ゲノム情報はないが近縁種のゲノムが解読されているような生物でRNA seqを行うと決まったら、どんなワークフローで進めるべきだろうか?マイクロアレイと違い、RNA seqならde novoでも解析は不可能ではない。ゲノムがモデル生物とほぼ同じならば、深く考えなければ、なんだかできそうに思えてくる。
実際、SRAのデータベースを見ているとそういったことを狙ったであろう解析データが無数に登録されている。その中にはpublish情報がないものもある。これが何を意味するかは置いておいて、モデル生物のゲノム情報の充実に伴い、そのゲノム情報を利用した近縁種の解析はこれからもますます増えてくると予想される。
ただしモデル生物に近縁でも塩基置換が起こってるだけでアライメントは難しくなる。ではde novo assemblyして進めるか?、というとせっかくゲノムが決まっているのだからなんとか利用したいという気持ちもあり、ジレンマに陥る。場合によりけりだと思うが、どういったワークフローが妥当なのか1つの例を通して考えてみることにする。

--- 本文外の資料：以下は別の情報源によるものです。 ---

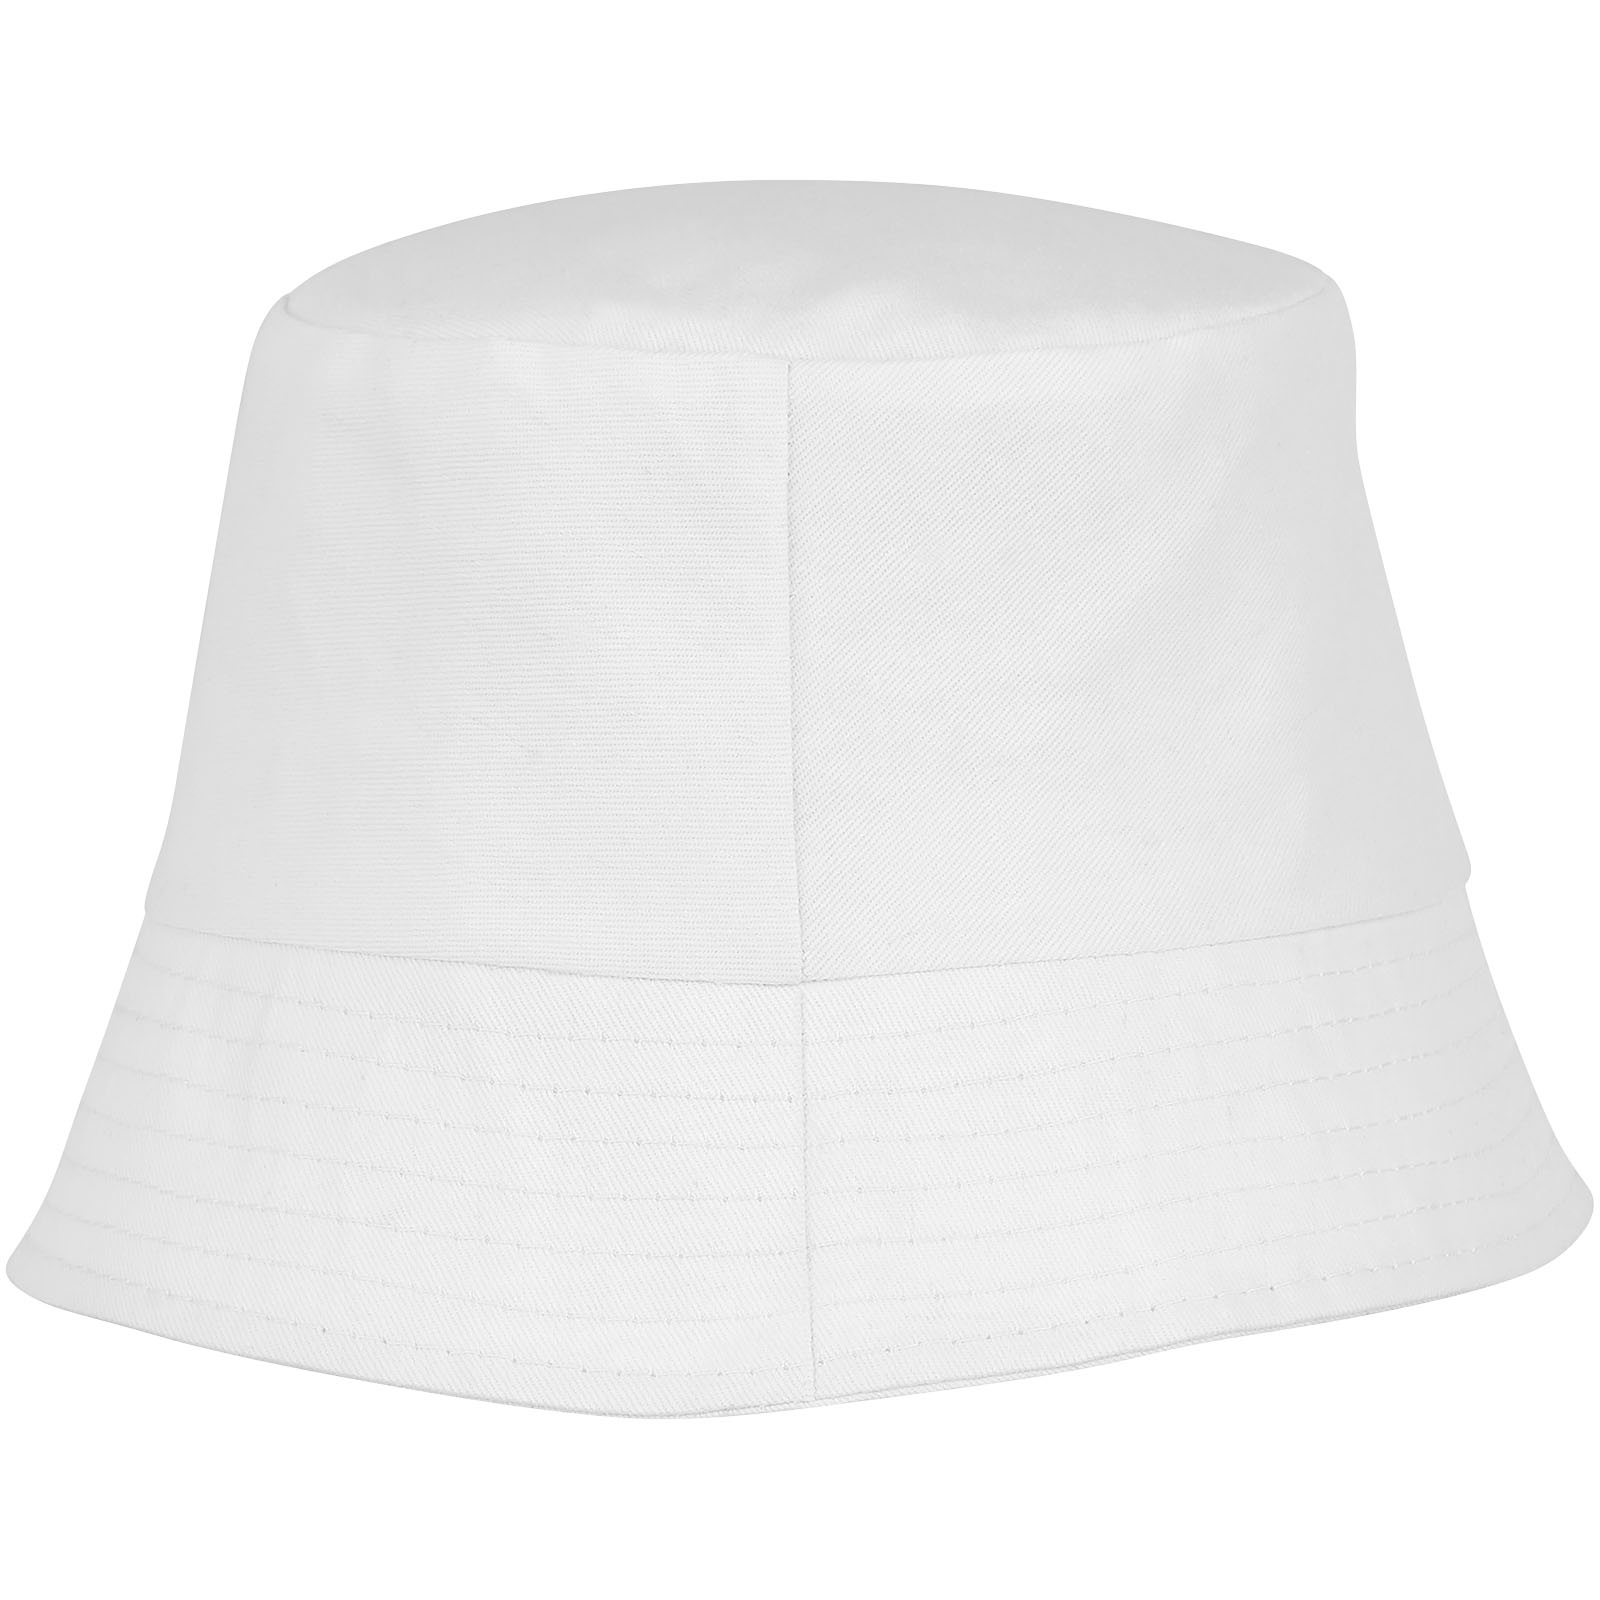 Advertising Caps & Hats - Solaris sun hat - 1

今回はアラビドプシス属のA.kamchaticaのRNA seqデータを使う。シロイヌナズナとゲノムはかなり似ていると思われるが、ゲノムはまだ解読されていない。シロイヌナズナのecotypeでも塩基置換がかなり起きていることが知られており、A. kamchaticaのRNA seqデータがどれくらいナズナのリファレンスゲノムにアライメントされるかは未知数である。
今回はアセンブルしてリード数などの比較を行うが、それ以上は深入りせずプロトコルに抽象性を残しておく。その方が汎用性のあるプロトコルになると考える。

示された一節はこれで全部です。